Huw Bennett and Peter Romijn, who compared the political control and accountability of the British and Dutch governments with regard to the use of violence, established similar patterns. In both cases, language served to frame reports of widespread violence, reduce it to smaller pieces, render it harmless, deny it. An exception to this similarity was the contradiction between the British tradition of ‘strict secrecy’ and the much more frequent leaks of sensitive information in the Netherlands. This can be explained by the direct association in the Netherlands between secrecy and the German occupation.
Brian Linn and Azarja Harmanny aimed to compare the use of ’technical violence’ in the decolonisation conflicts in Indonesia, the Philippines, Greece, Malaysia and South Korea. However, they soon discovered that the term ‘technical violence’, though common in Dutch publications on the conflict in Indonesia, was never used in descriptions of other conflicts. Its unique use was further highlighted by the charming way in which the American military historian Linn repeatedly tried to pronounce the term in Dutch. Obviously, conceptual clarity was a first priority here.
Given the nature of their research topic – a comparison of sexual violence committed against local women by members of the the French and Dutch armed forces – Natalya Vince and Stef Scagliola had the easiest job. After all, if no attention was ever paid to rape in the context of violence committed by Dutch military personnel between 1945 and 1949, then any information on that topic discovered in the sources is new. Most striking was the difference in politicisation of sexual violence in Algeria and Indonesia. In 1962, Simone de Beauvoir ensured that the rape of resistance fighter Djamila Boupacha during her detention became a national scandal. In General Nasution’s 1949 war journal, cases of rape appear to be casually mentioned as an aside. In the years immediately after the Second World War, a comparison with Nazi Germany was the best way to put an opponent in a bad light internationally.

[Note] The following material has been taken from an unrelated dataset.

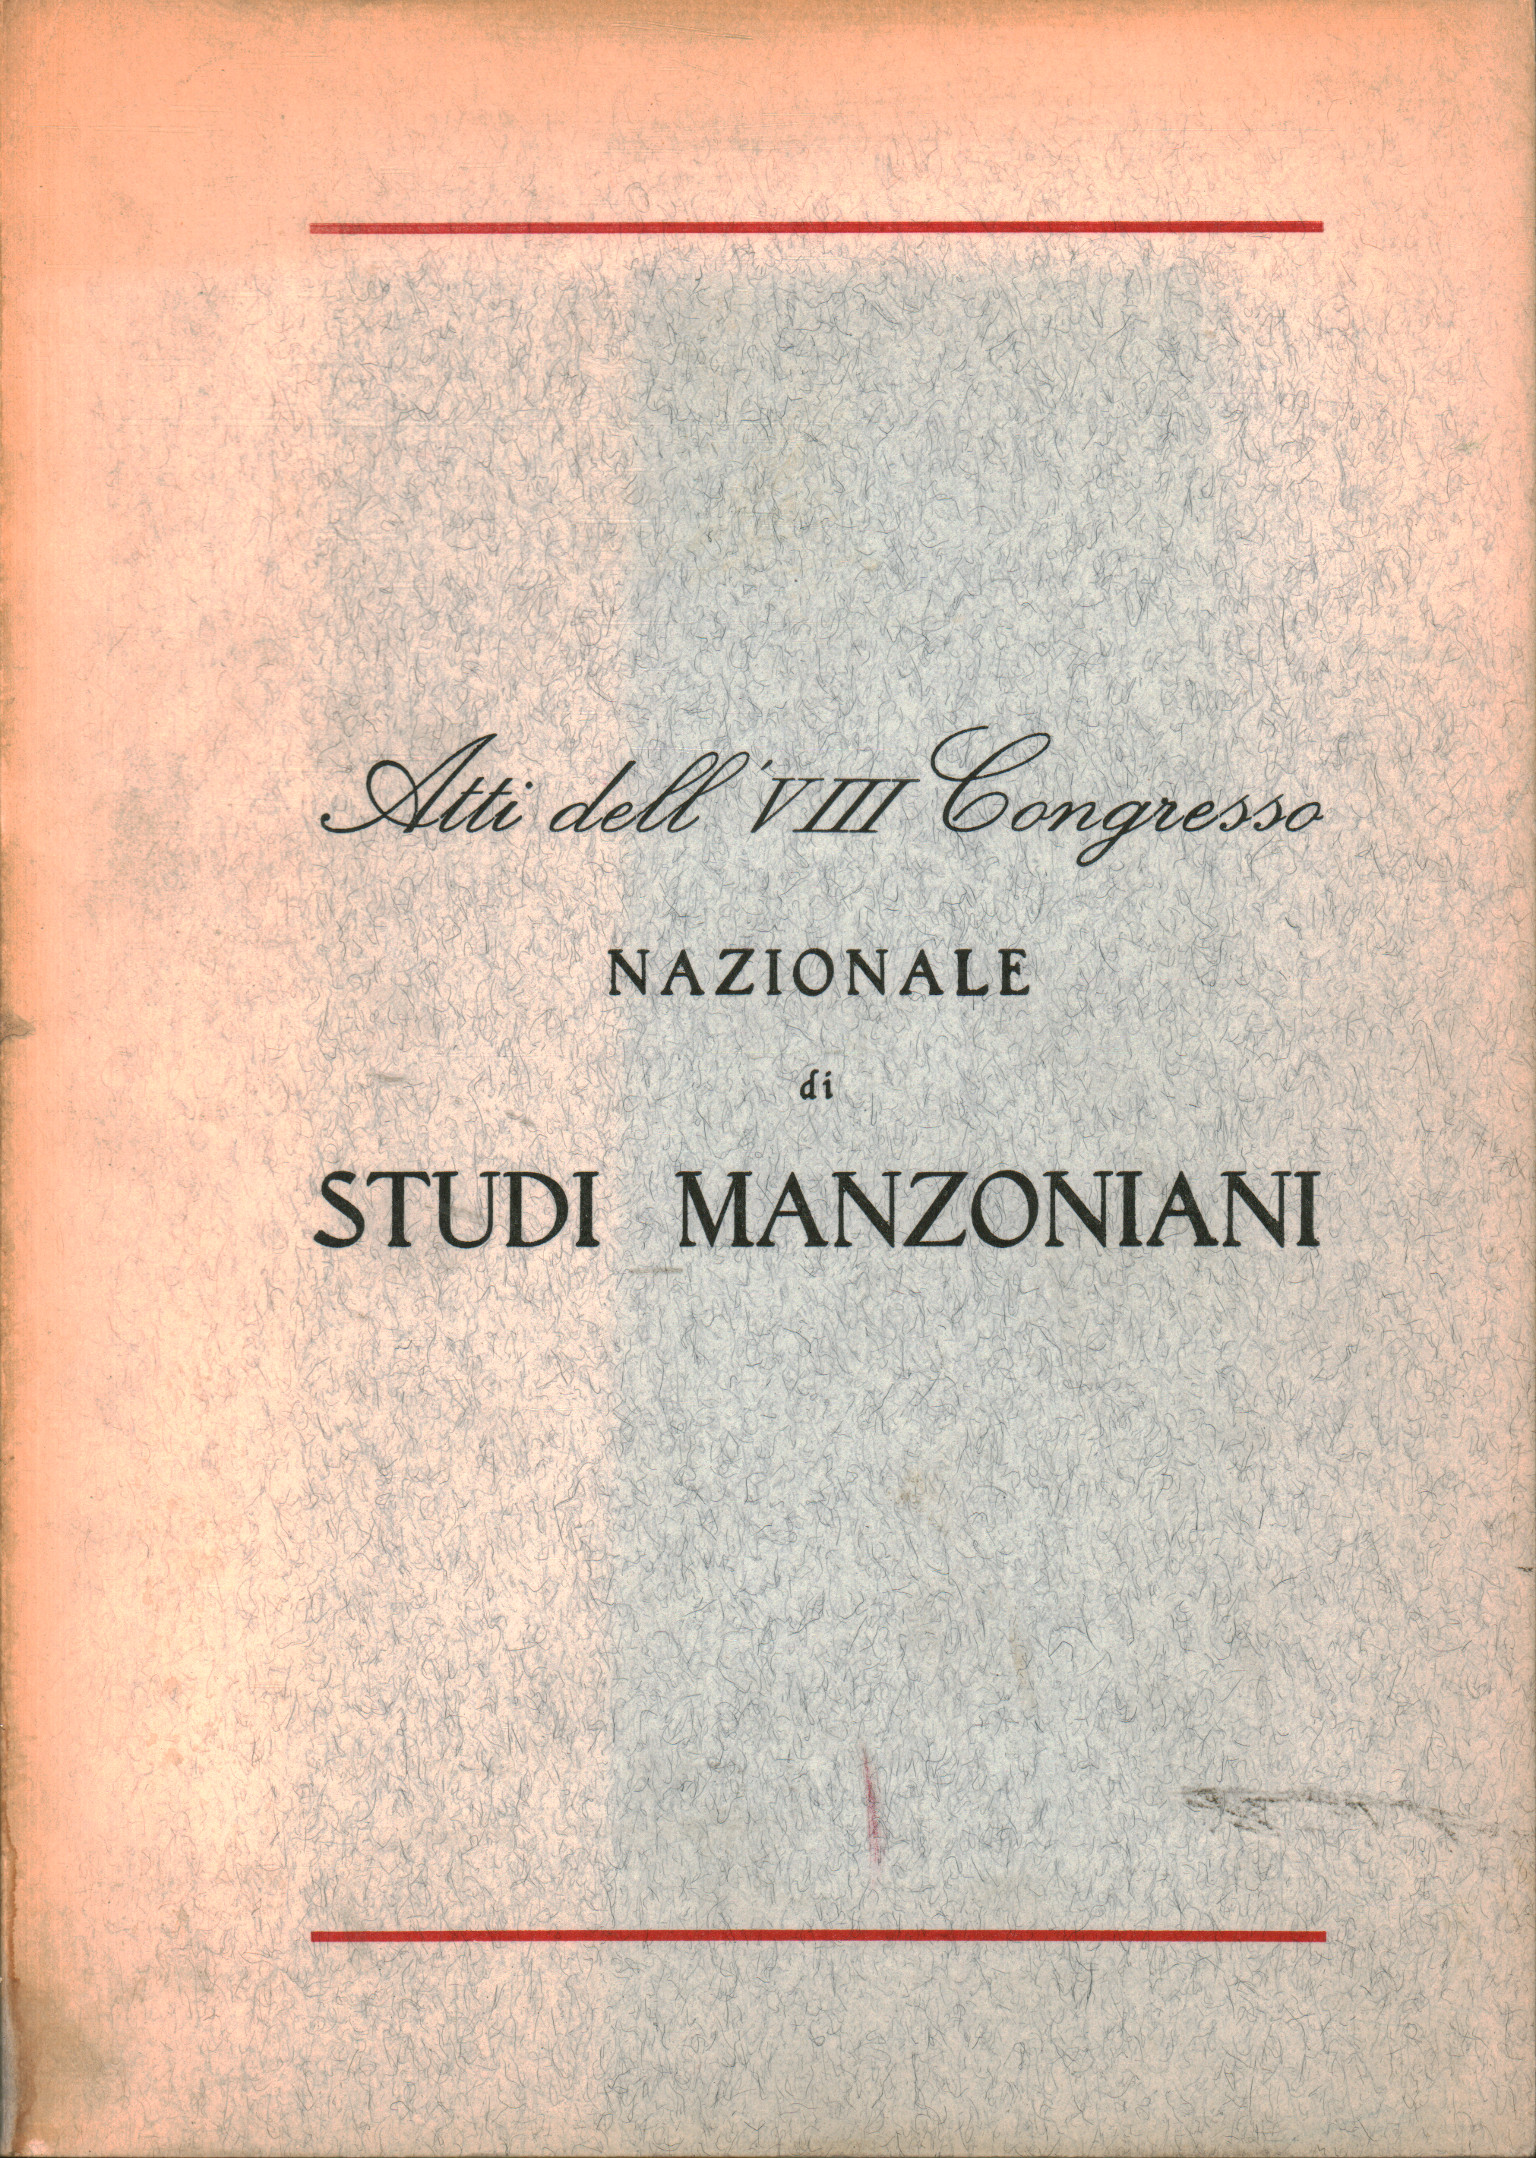 Proceedings of the VIII National Congress of studies Manzon, AA.VV

Martin Thomas and Roel Frakking studied the microdynamics of violence. How do the intentions of the upper echelons relate to the behaviour of people at village level? They concluded that villagers took a very flexible approach to loyalty in order to safeguard their basic needs – safety, food, and a roof over their heads. This led to constantly shifting area borders, depending on who could provide those basic needs: the ‘interior borderlands’, as they were called.
During the final session of the workshop on 21 June, with presentations addressing very specific issues, recommendations made by foreign colleagues who had participated in the regular research programme ‘Independence, decolonisation, violence and war in Indonesia, 1945-1950’ were discussed. Huw Bennett recommended making clear choices about terminology and adhering to these choices consistently. He detected a Dutch tendency to look for consensus, even though that is particularly difficult to reach with regard to this specific topic. He noted that criticism of the programme was sometimes unfair and painful, but that it was also important to recognise that these attacks came from those who had also experienced pain. That was also a segway to Natalya Vince's approach. She pointed out the need to design research agendas for such subjects in collaboration with researchers from the former colony. What that might look like was illustrated a week later at a NIAS seminar on decolonisation of historiography, which she organized with Bart Luttikhuis. The echoes of this plea were also heard the following day at conference centre De Balie during the debate evening with the title: “Who writes our colonial history?” These are clear signs that the framework is shifting in the debate on historical injustice. A younger, more diverse generation of historians, journalists and activists is asking different questions.